DFD patients with skeletal Class III malocclusions demonstrate changes in their tongue position, influencing articulation and resulting in a lisp (Starr, 2013). The sound most likely affected in severe Class III patients is /s/, contributing to a high incidence of lisping (Görgülü et al., 2011; Guay et al., 1978; Starr, 2013). Vallino and Tompson (1993) described various types of lisping, including interdental, dental, and lateral. The interdental and dental lisps can also be classified as a frontal lisp, where the tongue tip is too far forward; a lateral lisp occurs when air is sent over the sides of the tongue rather than centrally, creating a slurry or slushy sound (Vallino & Tompson, 1993). This can occur when the tongue does not form a seal along the lateral mandibular teeth. Vallino and Tompson (1993) also point out that some individuals with malocclusion may exhibit visual distortions – that is, the tongue is seen touching the teeth – but have no auditory-perceptual distortions.

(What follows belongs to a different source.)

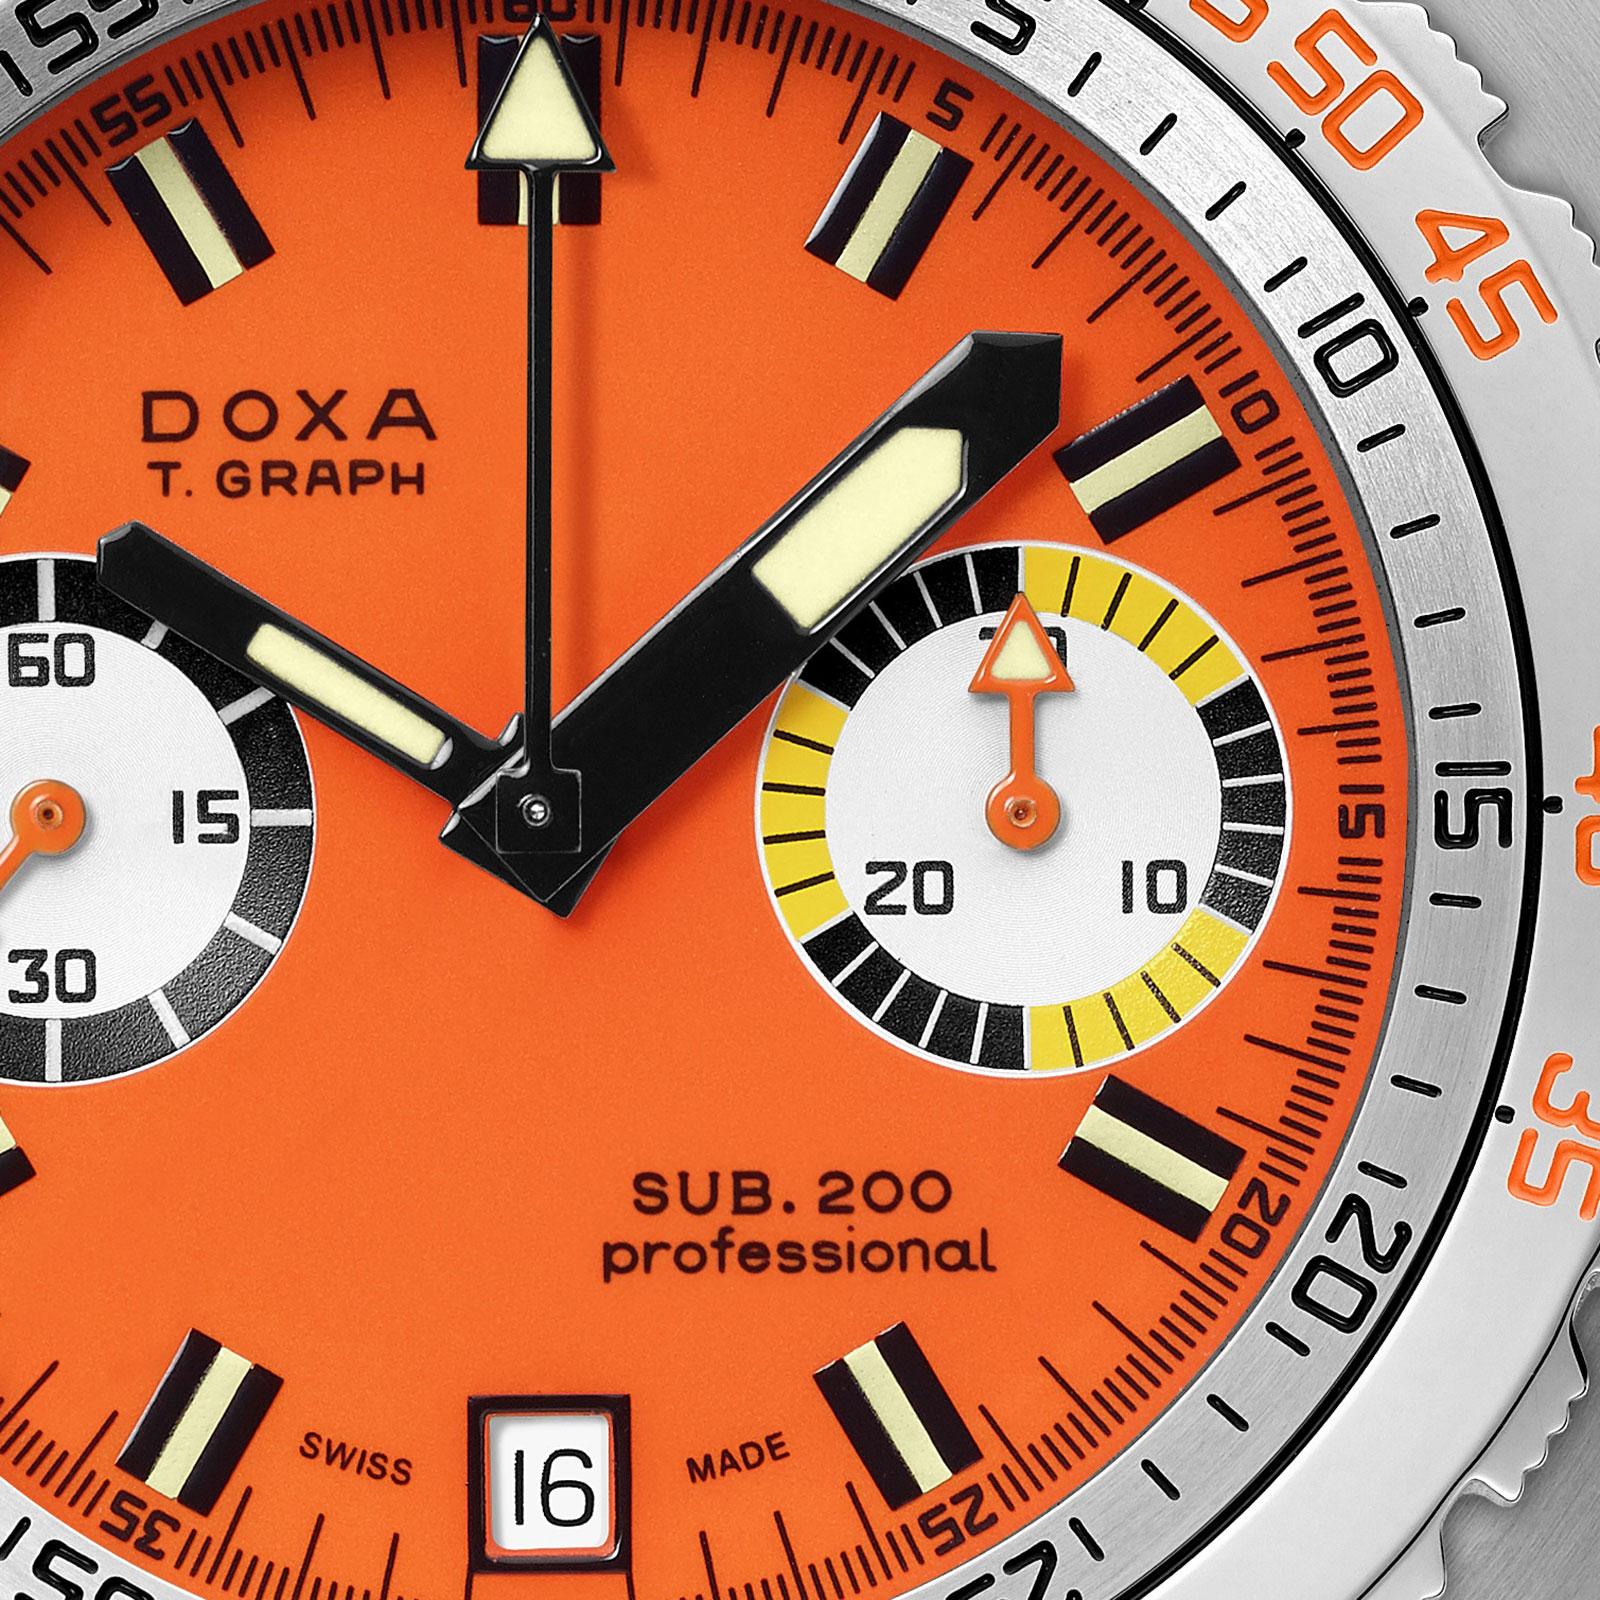 doxa Sub 200 T.Graph steel chronograph 4

Most clinicians will recommend speech therapy for a lisp associated with severe malocclusion only after orthognathic surgery if the lisp persists. Previous studies on the effects of surgical correction on speech used perceptual evaluations by speech-language pathologists (SLPs) (Ruscello et al., 1986). However, the perceptual approach is qualitative and introduces subjectivity, leading to limited interjudge and intrajudge reliability of articulation characteristics, even by experienced SLPs (Tanner et al., 2005). To objectively evaluate speech, our team aimed to validate the use of an established quantitative approach for measuring voiceless consonant speech distortions in our DFD population, known as spectral moment analysis (SMA). SMA is a quantitative method for statistically measuring and describing speech for voiceless stop consonants and sibilant fricatives through four spectral moments (Forrest et al., 1988). The four moments include mean frequency (M1, centroid or center of gravity), energy spread or variance (M2), skewness (M3), and kurtosis (M4) of the sound energy (Jiang et al., 2016). This method has been recently used to quantitatively describe speech characteristics in children with repaired cleft lip/palate and conductive hearing loss (Zajac et al., 2021) and in adolescents and adults with DFD (Lathrop-Marshall et al., 2021). These studies indicate that SMA could provide objective indicators of speech change with treatment, especially for evaluating speech in DFD patients following surgical correction.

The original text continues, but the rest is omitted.